現場のエンジニアが現場のエンジニアから学べる場に
植木さんは、クラスメソッドで運用を担当するオペレーションチームの部長を務めている。クラスメソッドは東京に本社を持つシステム企業だが、植木さん自身は新潟県妙高市に住み、テレワークで業務にあたっている。
クラウドにくわしく、働き方はテレワークという先進的な生活を送っている植木さんだが、AWSとの出会いは3年ほど前のJAWS-UG金沢(当時はJAWS-UG北陸)だった。製造業のシステムエンジニアとして働き、転職を考えていたところだった植木さんはAWSに可能性を感じ、「AWSで仕事をしたい」と今の会社に入社した。それ以来、オペレーションチームでシステム運用の最前線にいる。この3年間に、単身赴任先でJAWS-UG埼玉にコアメンバーとして加入し、現在住んでいる妙高市でもJAWS-UG上越妙高のコアメンバーとして活躍している。
個別の話題に入る前に植木さんは、運用保守を「日常作業」「監視」「障害対応」「調査」「リリース前の準備」と5つの項目に分類。また、「運用=正常に稼働しているシステムを用いて実施する業務」「保守=システムが本来あるべき姿になるよう対応すること」と定義した。運用や保守という言葉で捉えられる範囲、人によって微妙に食い違うことがある。植木さんのこの分類は、おそらく運用現場での業務分類に基づくもので、「運用保守をどう捉え、具体的にどのような作業をするか」を論じるためには適した分類と感じられた。
毎日バックアップしているけれどリストアできない!?なんてことのないように
システムを運用する上で発生する日常作業には、日次作業、月次作業、年次作業に加え、不定期に発生する作業がある。日次作業は省力化やミス回避のためにも極力自動化を勧めると植木さん。一方で見過ごしがちな不定期作業についてきちんと確認しておくべきだと語る。
「不定期作業のひとつに、システム障害からの復旧やシステム移行などに伴うデータリストアやデータリカバリがあります。いまどきバックアップを取らずにシステムを運用している企業はないでしょうし、リリース前にバックアップ機能のチェックをするのも当たり前になっています。しかし、そのバックアップがきちんとリストアできるかどうかを確認するユーザー企業はほとんどありません。体感的には50社のうち1社か2社程度しかありません」(植木さん)。

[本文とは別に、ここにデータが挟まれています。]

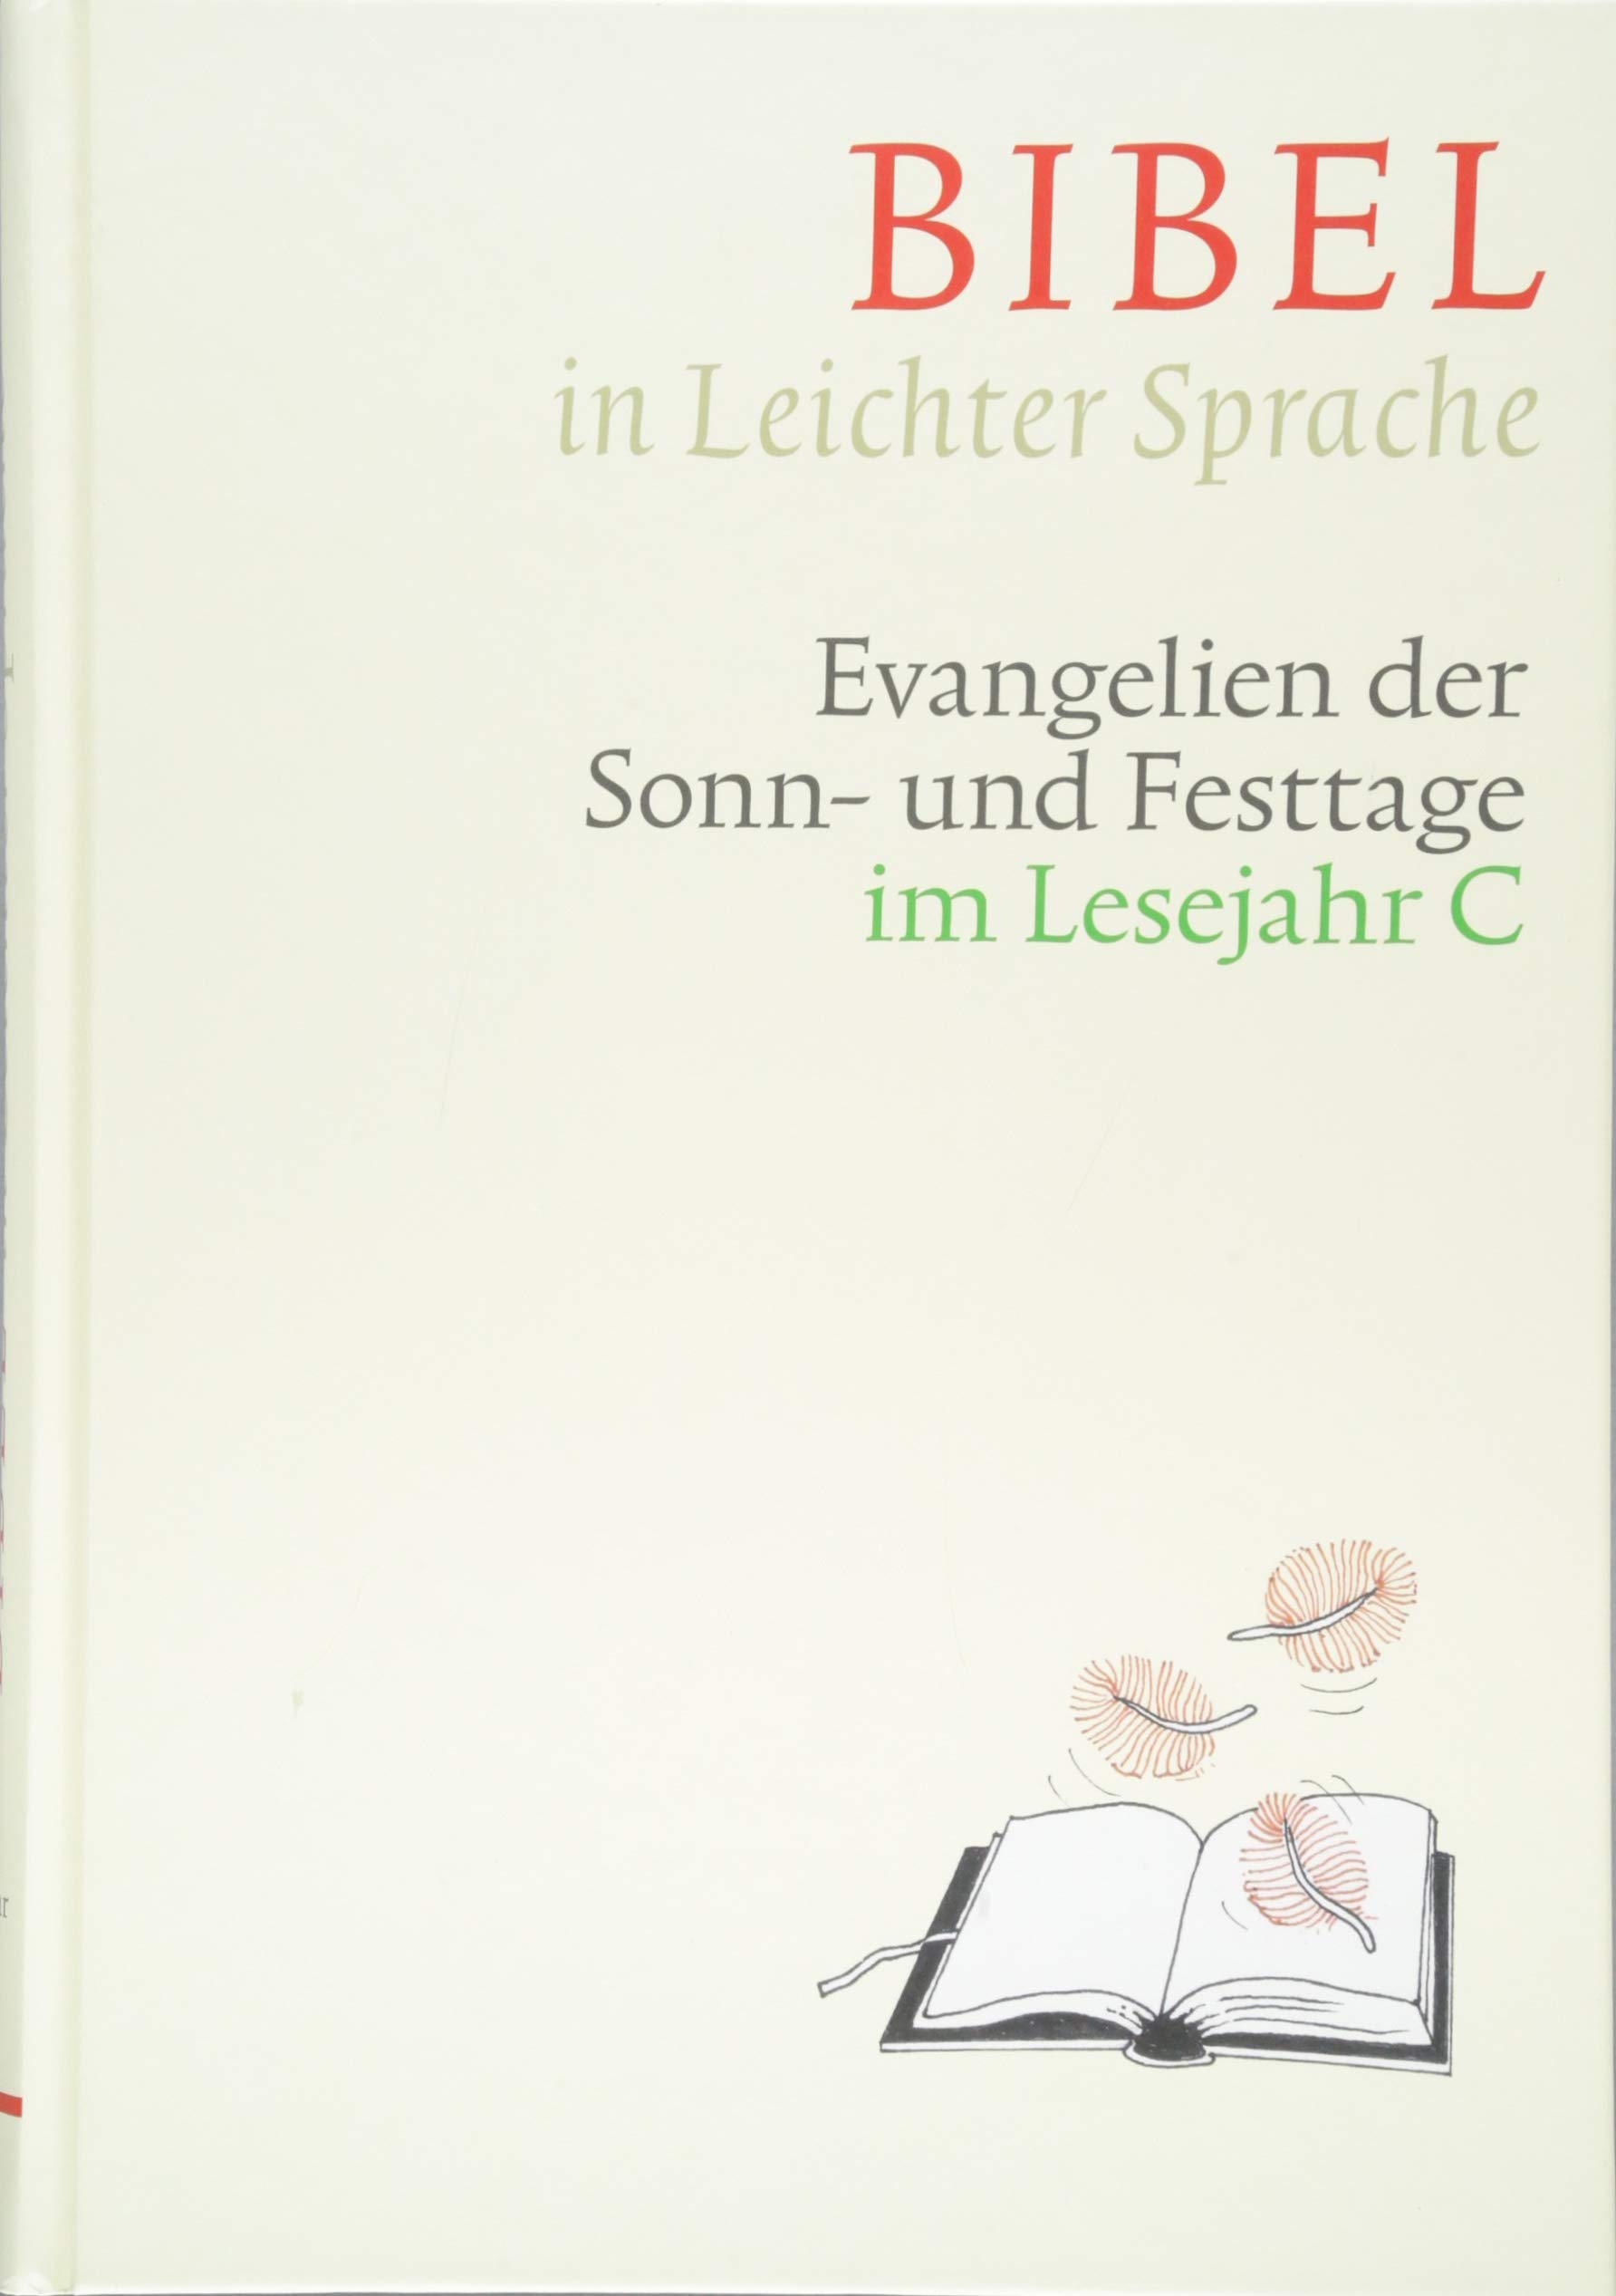 Buchcover: Bibel in Leichter Sprache, Lesejahr C

データバックアップがあっても、リストア機能が正常に働かなければ意味はない。リストア手順を確認しておかなければ、いざシステム障害発生というときにも、サービス復旧までに多大な時間を要してしまう。「バックアップが取られていることを確認するだけではなく、そのバックアップデータがきちんとリストアできるのか、その手順はどうなっているのか、事前に確認しておくことをお勧めします」(植木さん)。